━━━━━ Given data ━━━━━

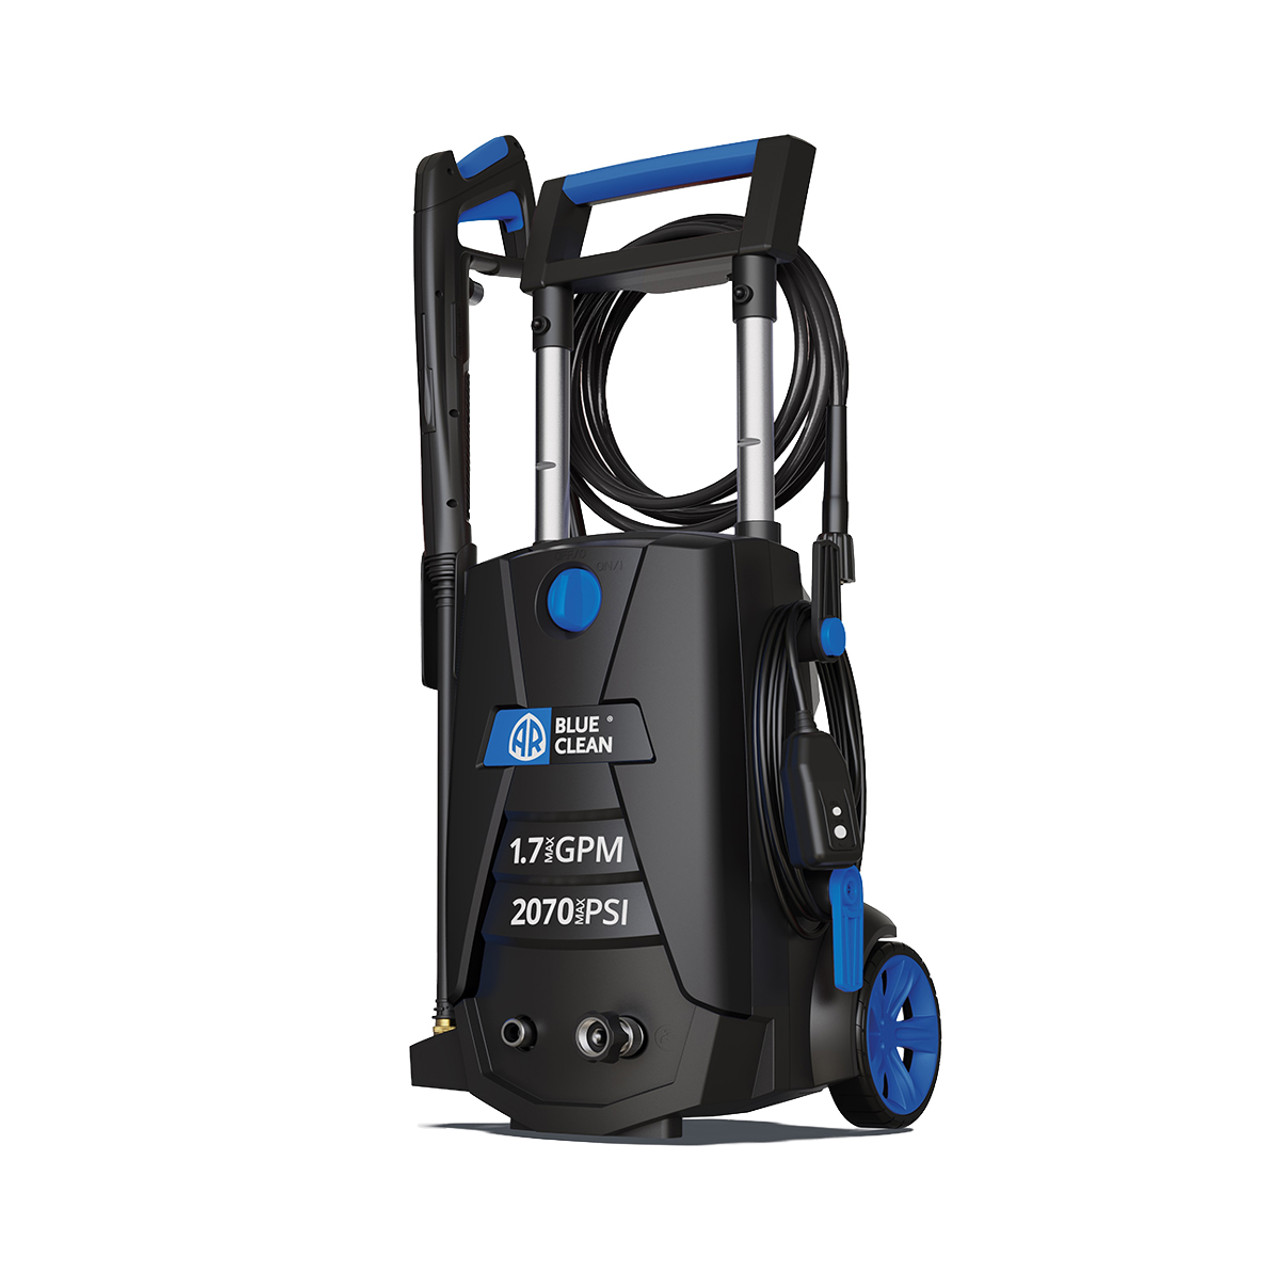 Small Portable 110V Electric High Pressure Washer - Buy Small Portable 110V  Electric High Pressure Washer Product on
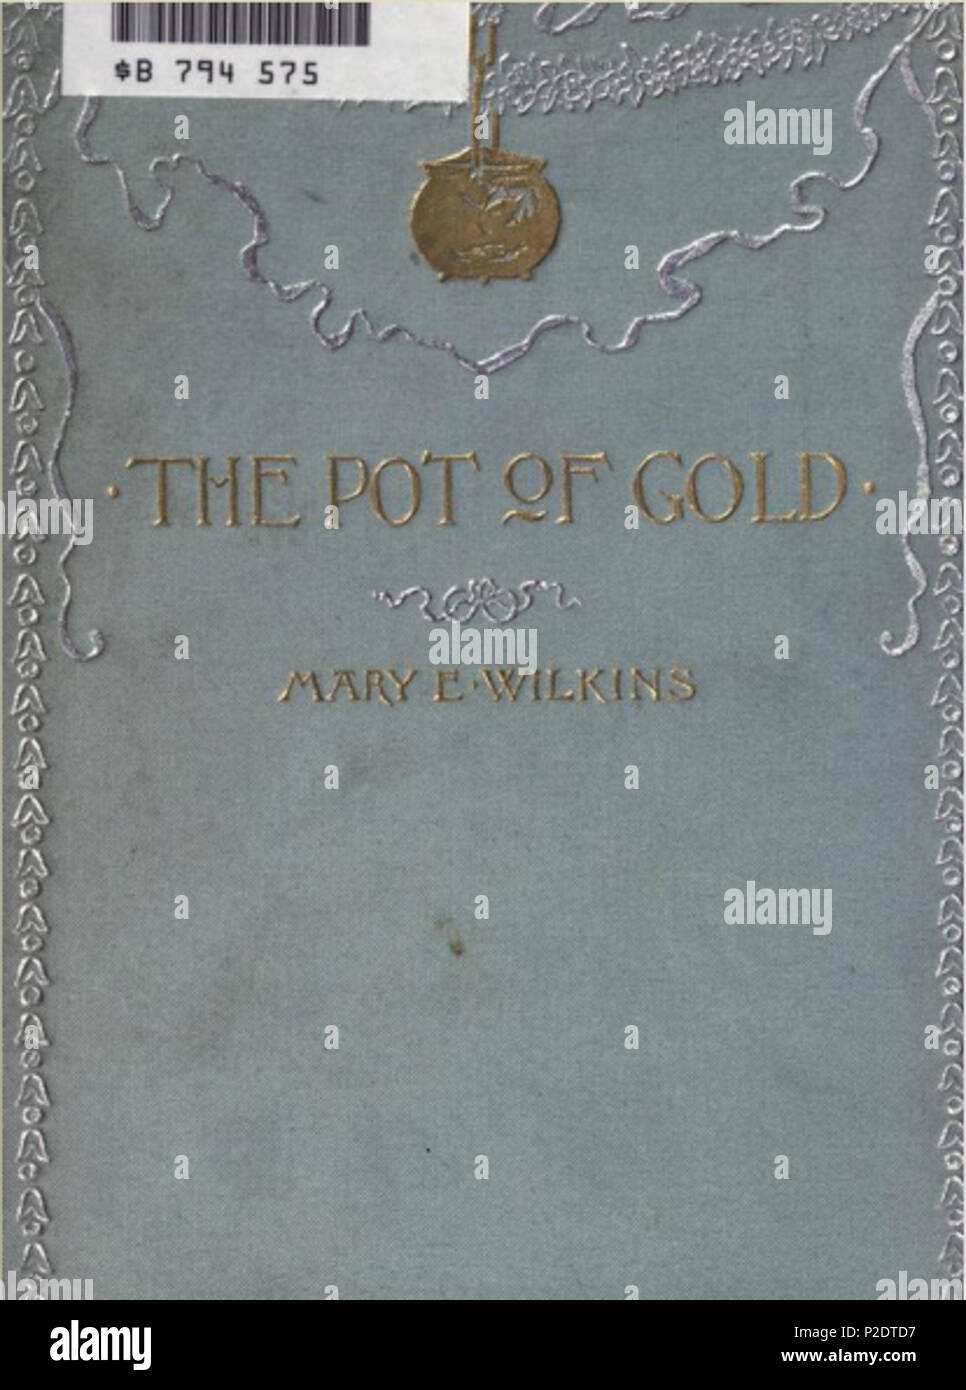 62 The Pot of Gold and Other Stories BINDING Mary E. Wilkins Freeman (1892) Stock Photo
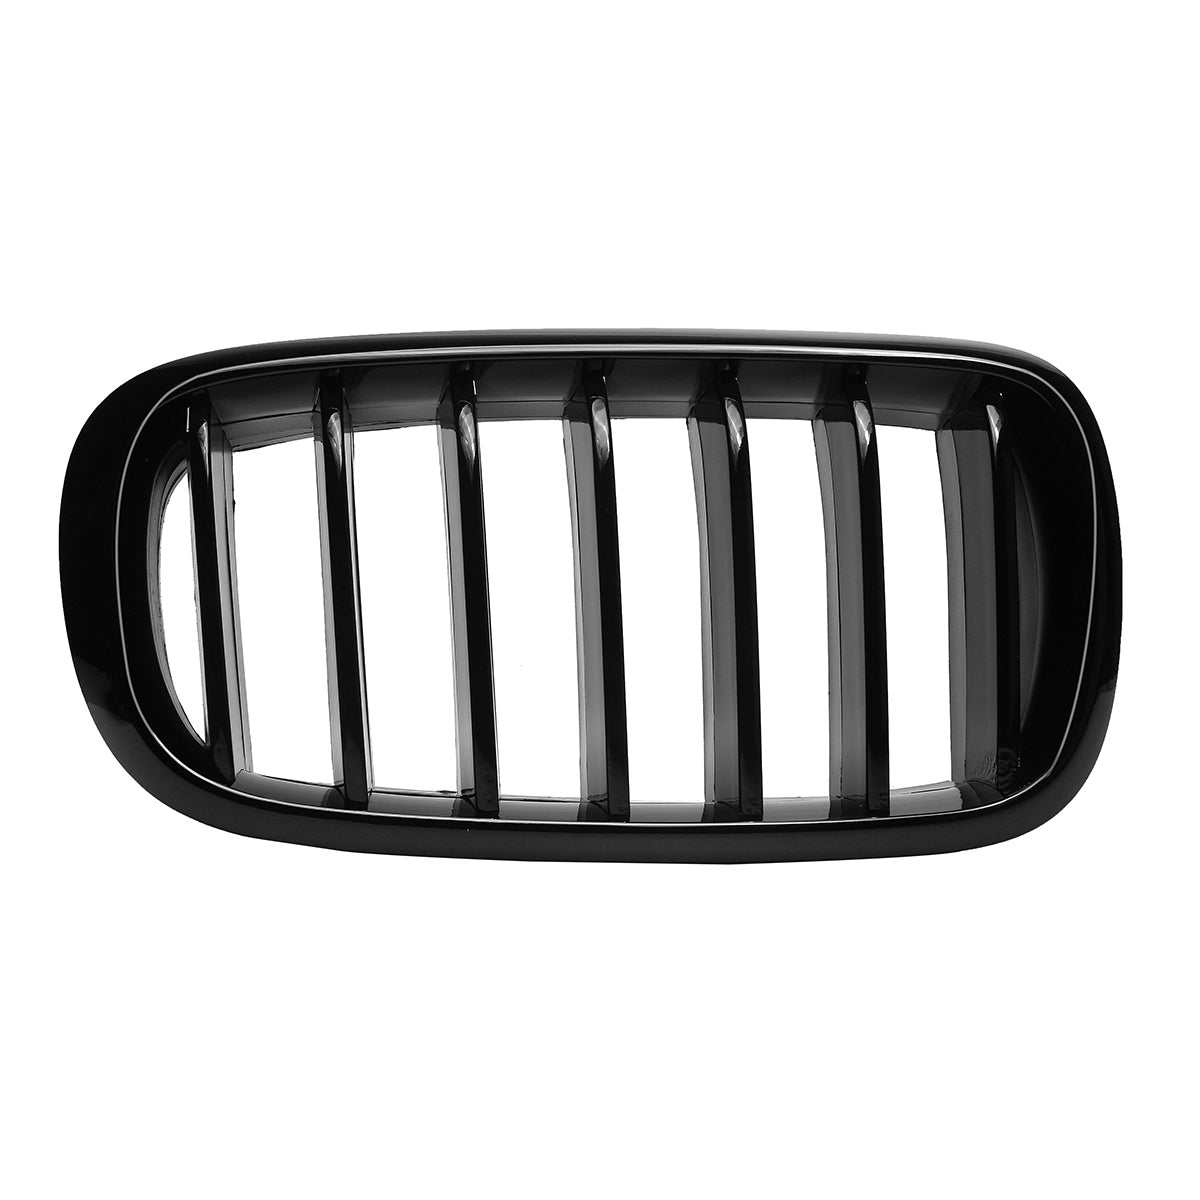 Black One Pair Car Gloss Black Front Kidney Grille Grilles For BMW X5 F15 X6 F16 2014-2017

━━━━━

- **The problem**: Omit the pictures. Repeat the rest of the data exactly.

- **Exercise answer**:
 Small Portable 110V Electric High Pressure Washer - Buy Small Portable 110V  Electric High Pressure Washer Product on
 62 The Pot of Gold and Other Stories BINDING Mary E. Wilkins Freeman (1892) Stock Photo
 Black One Pair Car Gloss Black Front Kidney Grille Grilles For BMW X5 F15 X6 F16 2014-2017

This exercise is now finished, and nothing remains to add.